Time for summer holidays

It is time for holidays. So a bit of desk cleaning and that's it. Two weeks for giving up with databases, Java, Python... projects, plannings and budgets. I am taking my portable of course, but that's basically for emergency only...

I finished my first Tony Buzan book. This was a bit general - the french title 'une tête bien faite', I think the original title is 'use your head', the book goes over fast reading, memory and mind-mappings (a subject I like more and more).

There is a lot to say about these subjects and Tony Buzan has written books dedicated to each of them -- I will continue investigating.

Following Tony Buzan recommendations, mind-maps should be graphical (including graphic but also being smartly shaped) and coloured. It is a shame that all software tools that I have see currently are implementing very regular organisation pattern and don't promote that much colors and graphics. Anyway, I recommend you this book.

On the Open ERP front line, I finished a small doc concerning Initial Analysis - see previous post and what to prepare to have good, constructive interviews sessions with business processes owners. Tiny provided me three mind-maps.
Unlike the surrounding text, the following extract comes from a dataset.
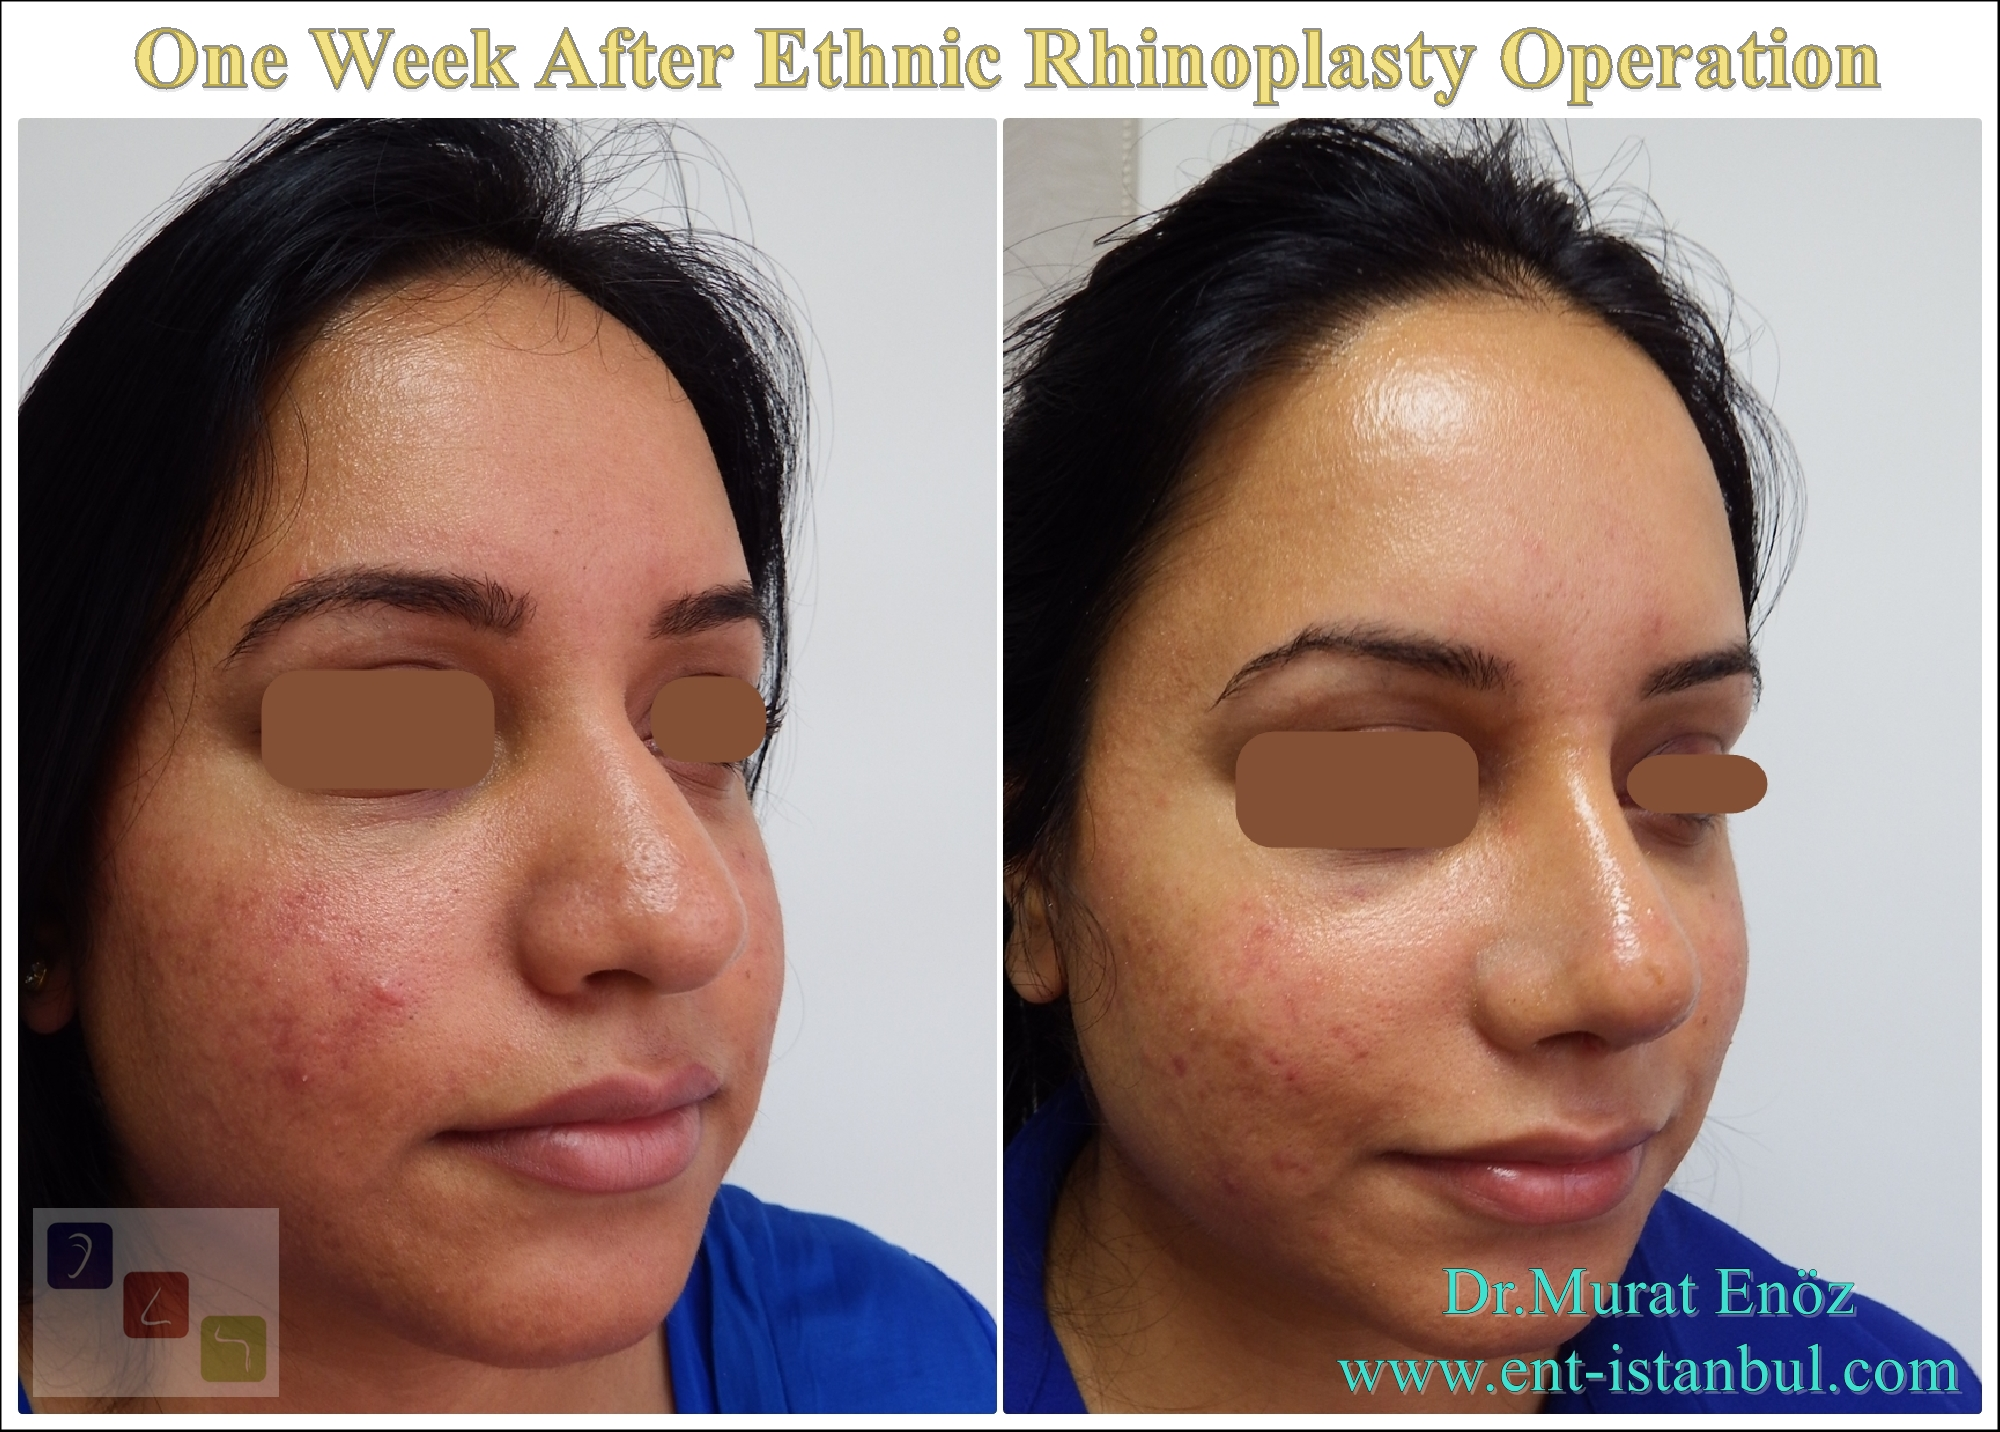 Rhinoplasty Healing Properties By Week And Month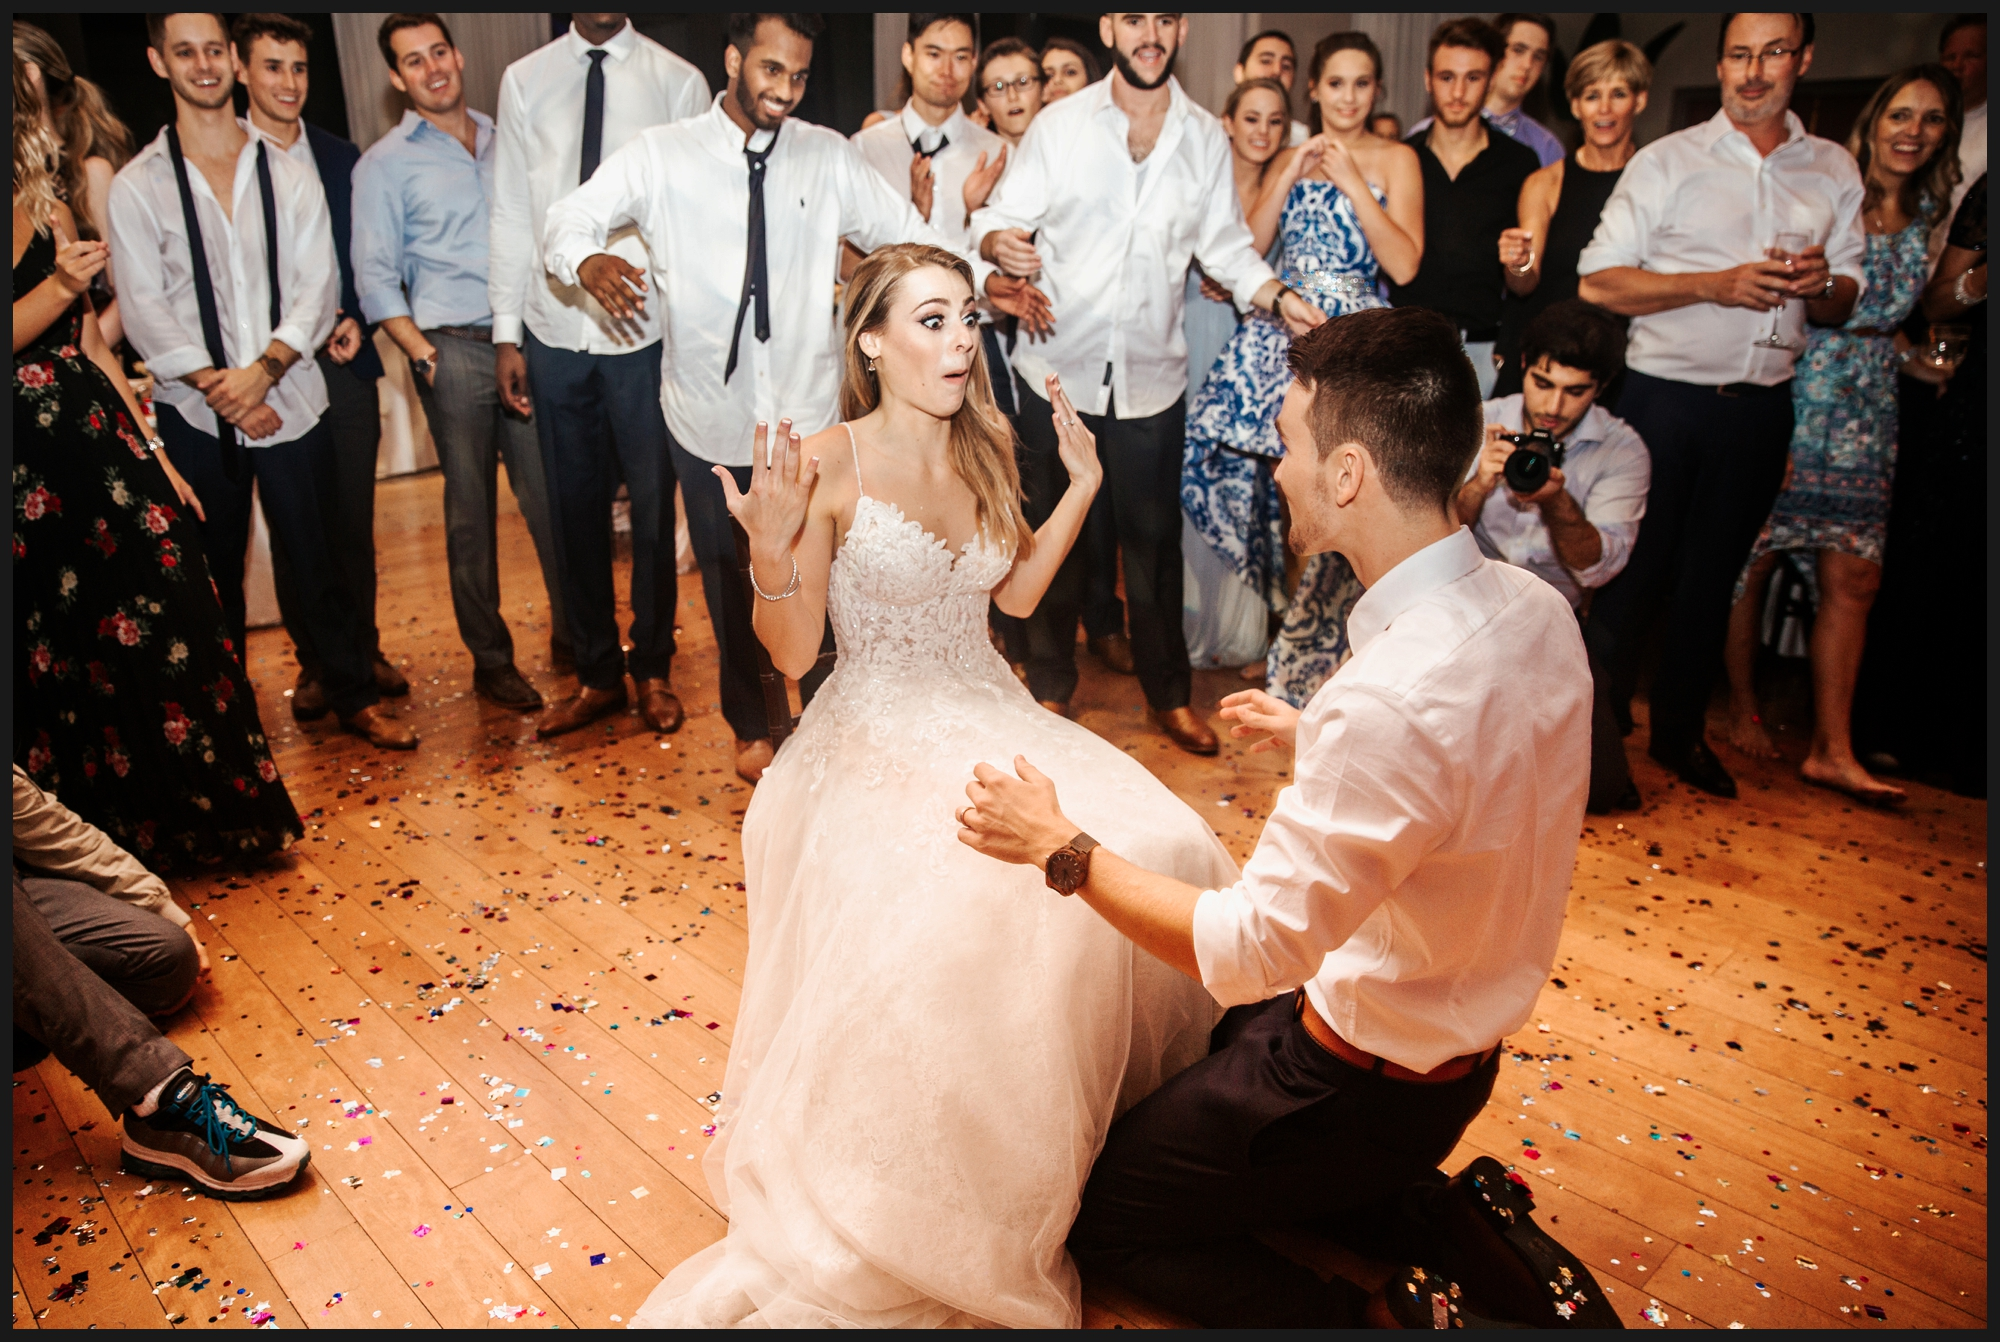 Orlando-Wedding-Photographer-destination-wedding-photographer-florida-wedding-photographer-bohemian-wedding-photographer_0136.jpg

A good start but I will try to develop mine for the next project...

I have done a bit of testing with Python, but I had not time to finish my test software - submitting HTML forms to a Joomla web site. Hm that will be for August I guess...

Finally I am taking with me 'Everything is Miscellaneous' - ' The power of the new digital disorder' from David Weinberger. Social aspects of the web is fascinating and I hope to work more on it later this year...




So I hope to come back rested and a bit smarter - what a plan !

Friday, July 17, 2009

Open ERP - Methodology - Project layout

As I am working on a well sized Open ERP project, it is now good time to build extra material concerning the project methodology.

The idea is basically to perform a a first analysis and then provide the customer with a fixed budget. The purpose of this initial analysis is not to get all details but to list identify business activities.

Wednesday, July 15, 2009

Python map



Is this blog not better now with graphic... :-)

Also it is not entirely open...

Note taking - mind mapping Python & Open ERP

As I am continuing to learn Open ERP, I tried to keep track of what I am learning (Open ERP, Python,...). I decided to use FreeMind a small software (written in Java) for creating mind maps.

FreeMind has a simple interface, you create nodes by pressing the return or insert keys. This is fast to create a tree structure of your ideas and in my case keep track of my progress. Navigation is globally more confortable than with a linear text.

Unfortunately the tool is not perfect.

For example as I learned Python, I wanted to keep track of code snipsets that are for me the most valuable source of information for remembering an aspect of a programming language. It is annoying not being able to specify a title and hide the body of the note - I am getting too big block of text, the work around is to create one node for the title and one for the code...

Another aspect is text formating which is applied to the entire node - no way to say that this word should be in bold/red (for example to separate visually the code from my comments).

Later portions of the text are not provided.